Tout compte fait, les kiosques à journaux se sont imposés au Cameroun comme les
principaux canaux de distribution des journaux, ainsi qu‘en témoignent les statistiques. Les
kiosquiers constituent un maillon important dans le dispositif économique de la presse écrite.
Dans les années 1990, les kiosques à journaux avaient été le théâtre de la manifestation de la
gloire des journaux camerounais. C‘est en effet une période où les ventes avaient atteint leur
pic et où l‘on avait assisté à la pénurie de certains titres de journaux. Pourtant, comme nous
l‘avons mentionné d‘entrée, cette période n‘avait été que de courte durée. Comment
comprendre cette montée en puissance des journaux camerounais, mais surtout le déclin qui
s‘en est suivi. La prochaine section de ce chapitre tentera d‘apporter des éléments de réponses
à ce questionnement.
II- LES KIOSQUES À JOURNAUX, EN TANT QUE BAROMETRE DE
L’ÉTAT DE SANTEDE LA PRESSE ÉCRITECAMEROUNAISE
L‘évocation d‘une période dite prospère de la presse camerounaise traduit aussi
l‘existence de cette presse bien avant. C‘est la thèse que nous avons présentée dans la
précédente section. La presse écrite au Cameroun doit être distinguée selon les époques.

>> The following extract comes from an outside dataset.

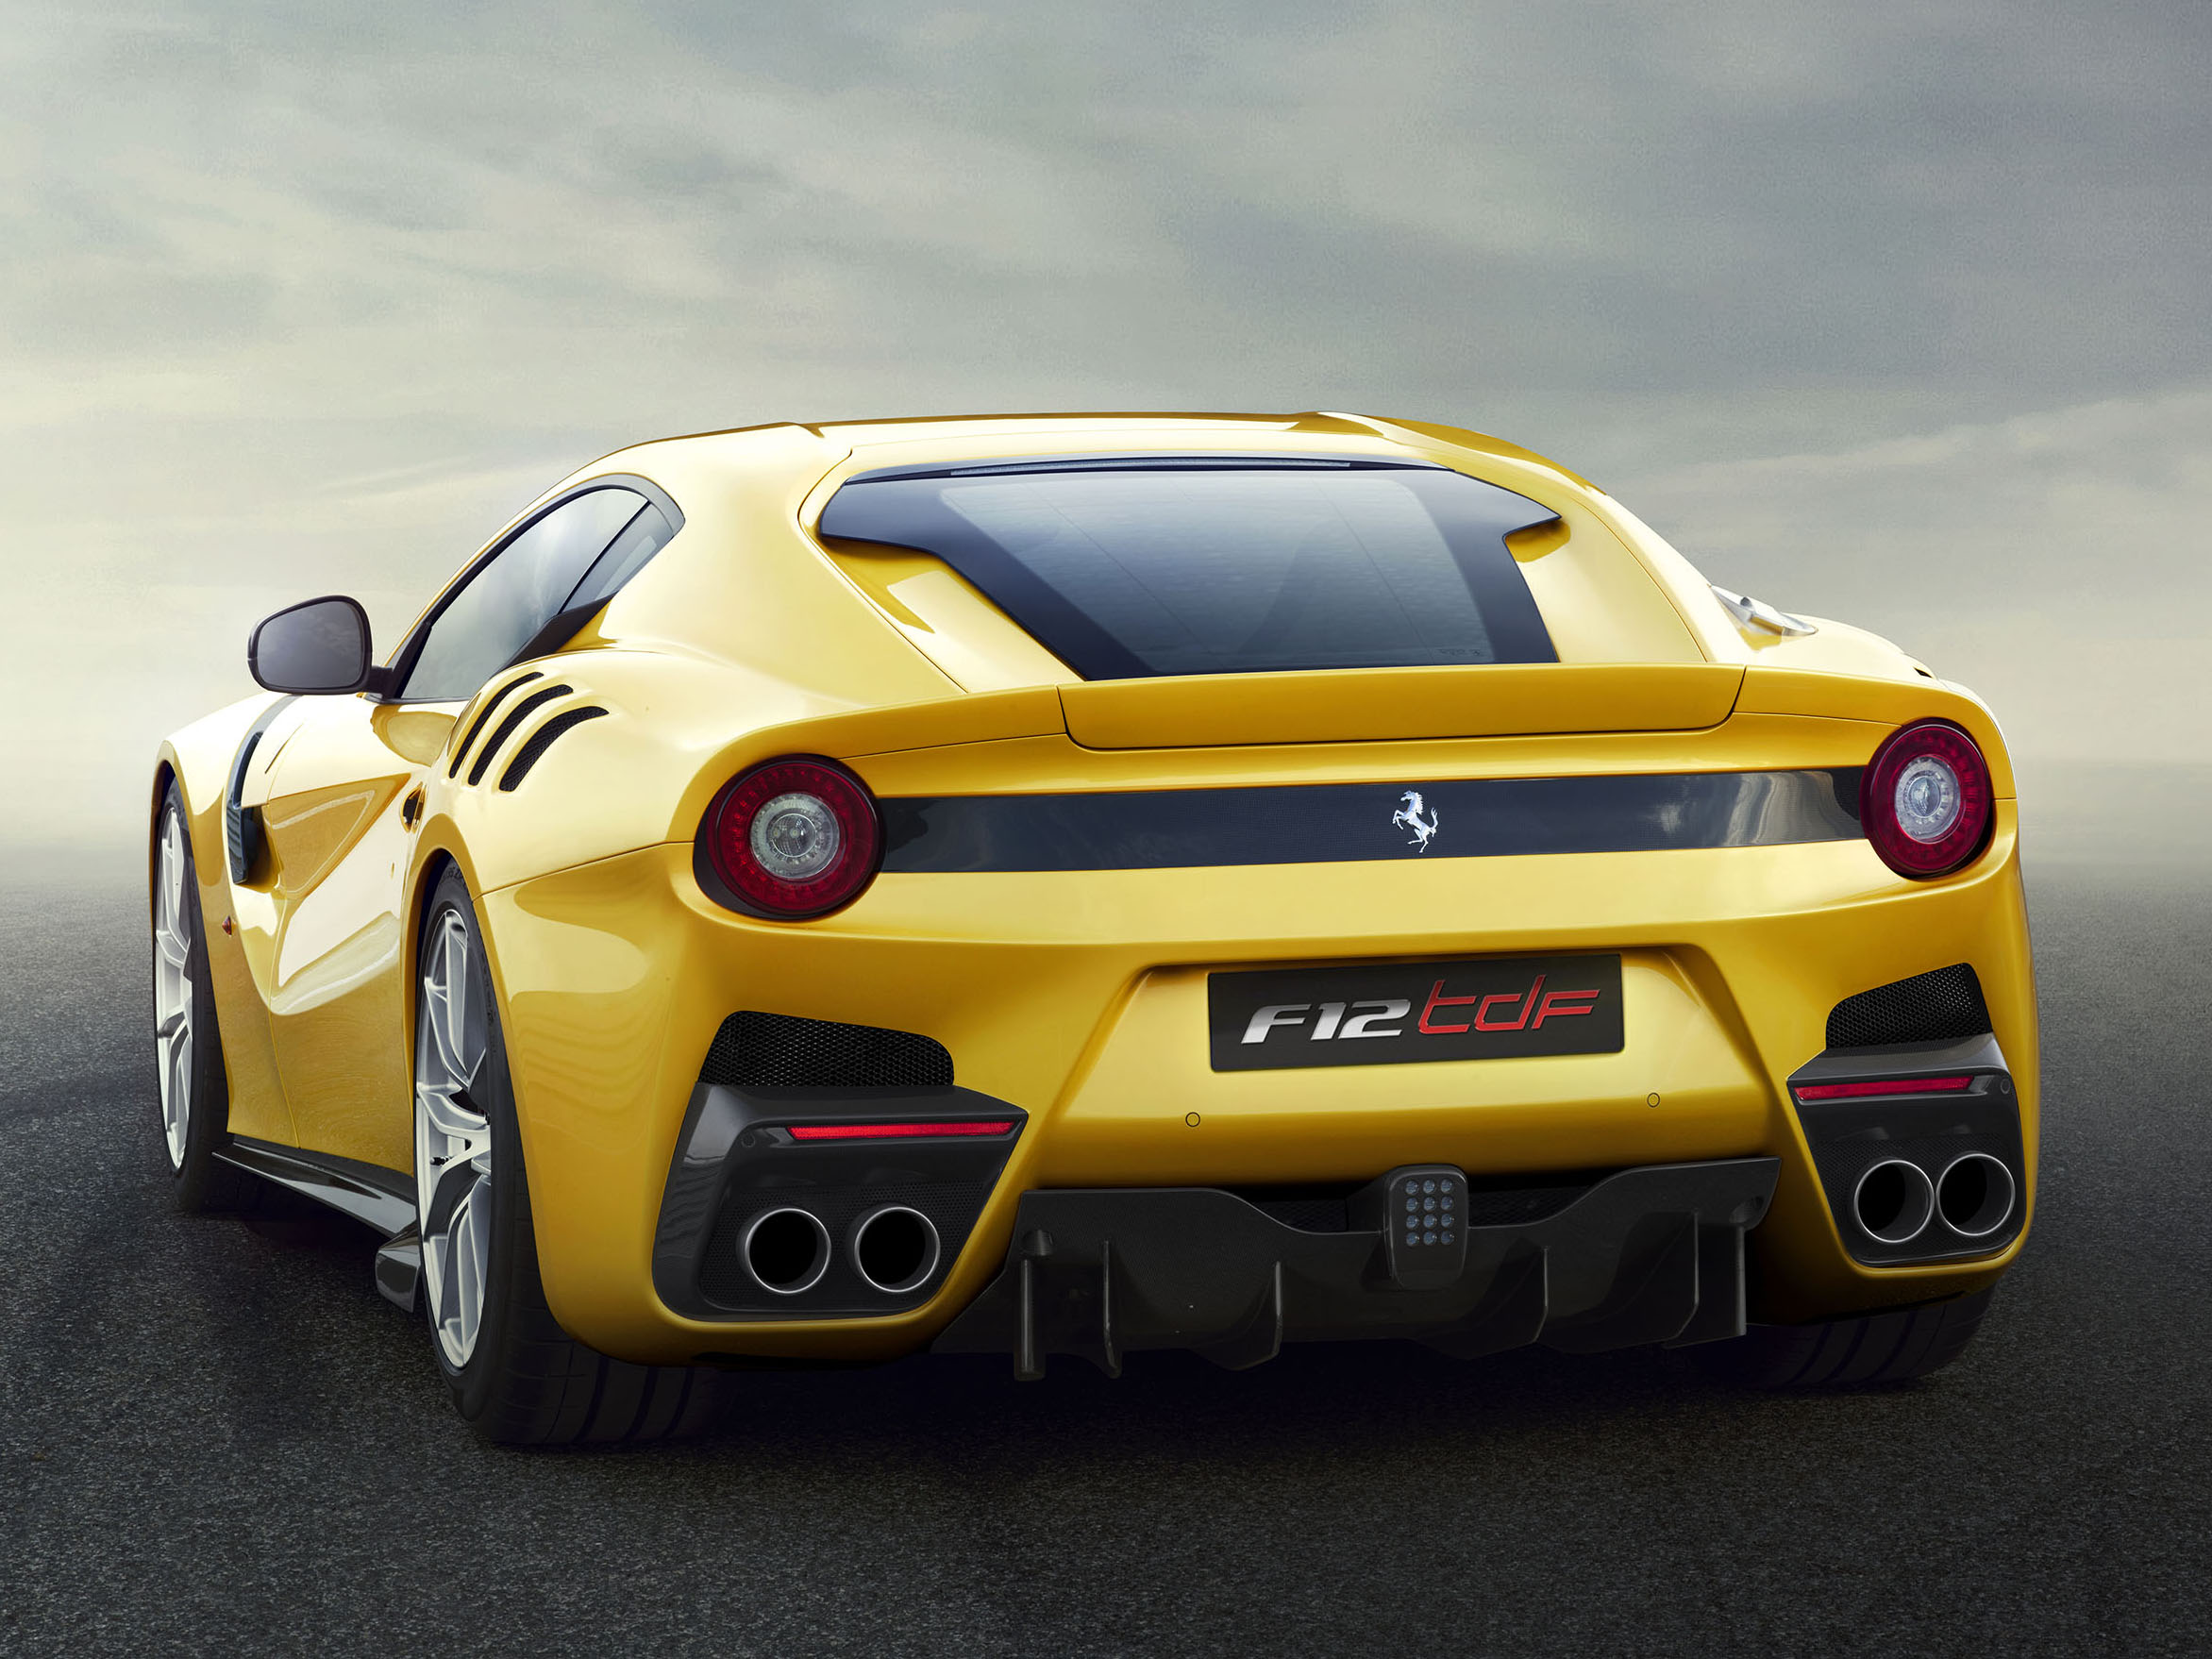 Limited edition Ferrari F12tdf unveiled

Depuis les années 1950, où la presse se pose comme un outil stratégique œuvrant pour la
domination du pouvoir colonial, jusqu‘aux années 1990,où elle s‘inscrit dans la lutte pour les
libertés politiques et civiques, en passant par les années 1970,où elle se veut un moteur de
mobilisation autour des questions d‘unité nationale et de développement, les journaux ont
connu de multiples conditions. Les différentes dynamiques, qui ont travaillé le champ
journalistique, ont également permis de rendre compte de l‘existence d‘une opposition vive,
entre les médias du pouvoir et ceux naissants, dits indépendants. Pourtant, ces luttes observées
dans le passé n‘ont pas disparu. Au contraire, le champ journalistique est toujours le théâtre de
luttes symboliques entre différents acteurs sociaux.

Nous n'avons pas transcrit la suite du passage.